- Joe Biden is the anticipated winner of the presidential election, according to forecasts by several news organizations and polling groups. His victory is not official until the Electoral College vote in December.
- Biden, who was vice president under the Obama administration, has pledged to expand free college and support workforce training as well as historically Black colleges and other minority-serving institutions.
- His win also promises to undo several Trump administration initiatives that have affected higher education, including changes to immigration policies and oversight of Title IX, the federal law banning sex discrimination on college campuses.
Unlike Trump, who in his four years has displayed some antagonism toward higher ed, Biden has pledged to invest heavily in the sector.
His campaign website outlines some of these measures, with a focus on institutions that have historically been overlooked or underfunded, including HBCUs and community colleges. Biden has said he would invest $18 billion in grants for low- and middle-income students to attend four-year MSIs.
Biden broadened his initial proposal of tuition-free community college by pledging to allow any student whose family earns under $125,000 a year to attend a four-year public school without paying tuition. He also wants to double the maximum Pell Grant award and allow formerly incarcerated individuals to use them.
Furthermore, he has vowed to revoke Education Secretary Betsy DeVos' new rule governing how colleges investigate and potentially punish sexual violence on campuses.
Trump's Ed Department repealed Obama-era rules designed to check predatory for-profit colleges. Biden would likely reinstate those and could go further. He said he would pursue legislation to close a regulatory loophole that incentivizes for-profits to recruit military service members and veterans. Federal law prohibits for-profit schools from receiving more than 90% of their revenue from federal aid, but military benefits do not count in that calculation.

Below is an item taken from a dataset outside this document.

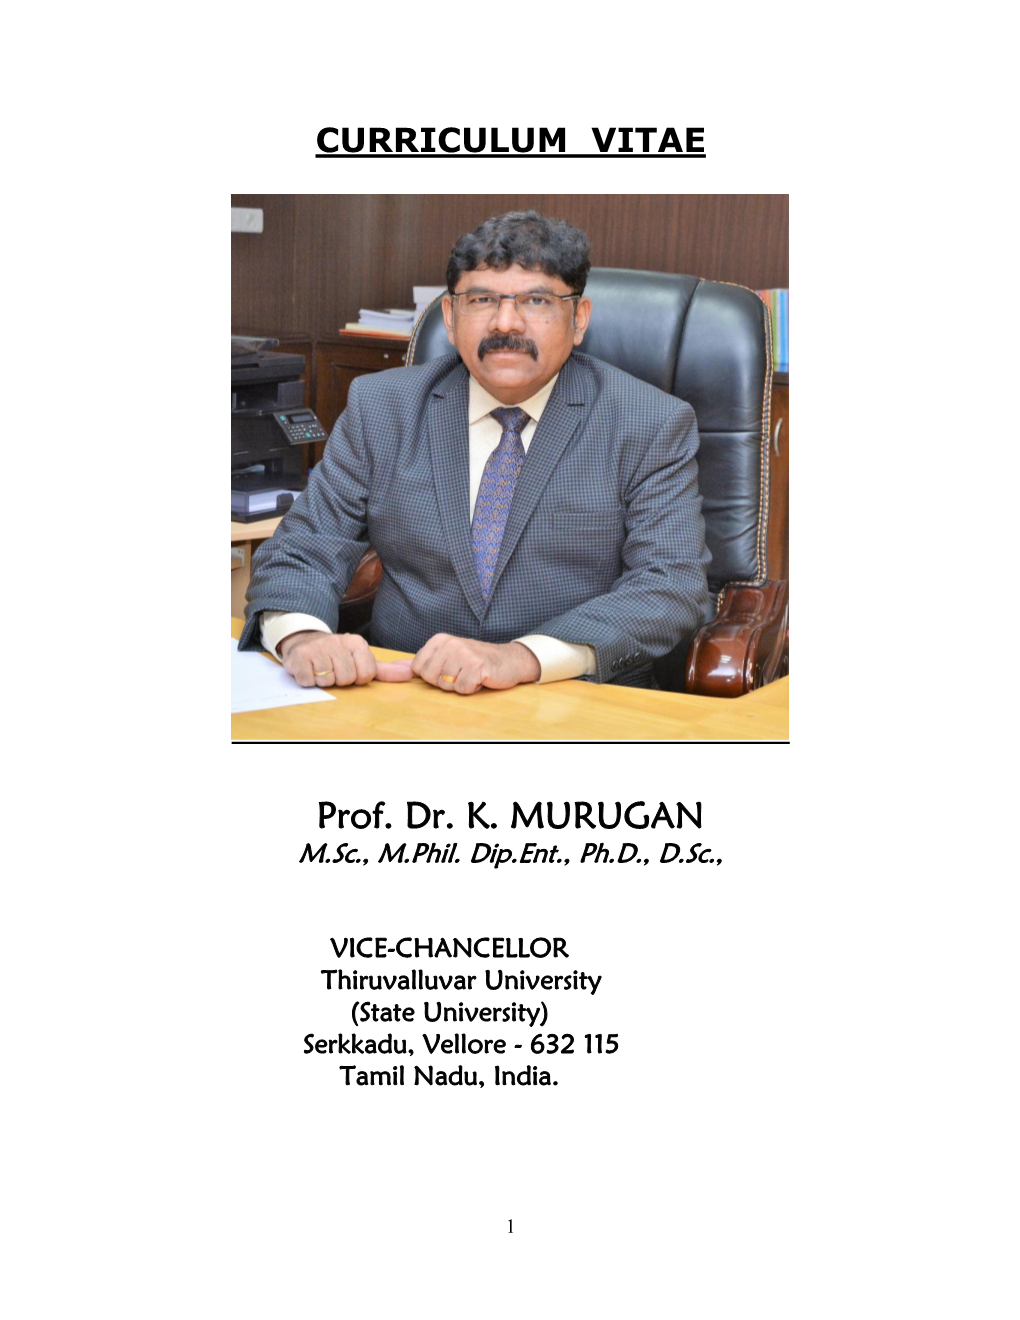 Prof. Dr. K. MURUGAN M.Sc., M.Phil

More immediately, Biden may prioritize other consumer-protection initiatives. The Trump administration, for instance, has largely refused to process the claims of students who say their colleges misled them, many of whom attended for-profits, resulting in lawsuits against the Education Department.
Biden will also need to address the pandemic's effect on students and colleges. Higher ed groups have asked for $120 billion in relief aid. The initial relief package granted them around $14 billion.
The former vice president's presumed win followed several contentious days in which a handful of battleground states decided the presidency. Trump's representatives have brought several court challenges over the last few days, and so far they have mostly been rebuffed.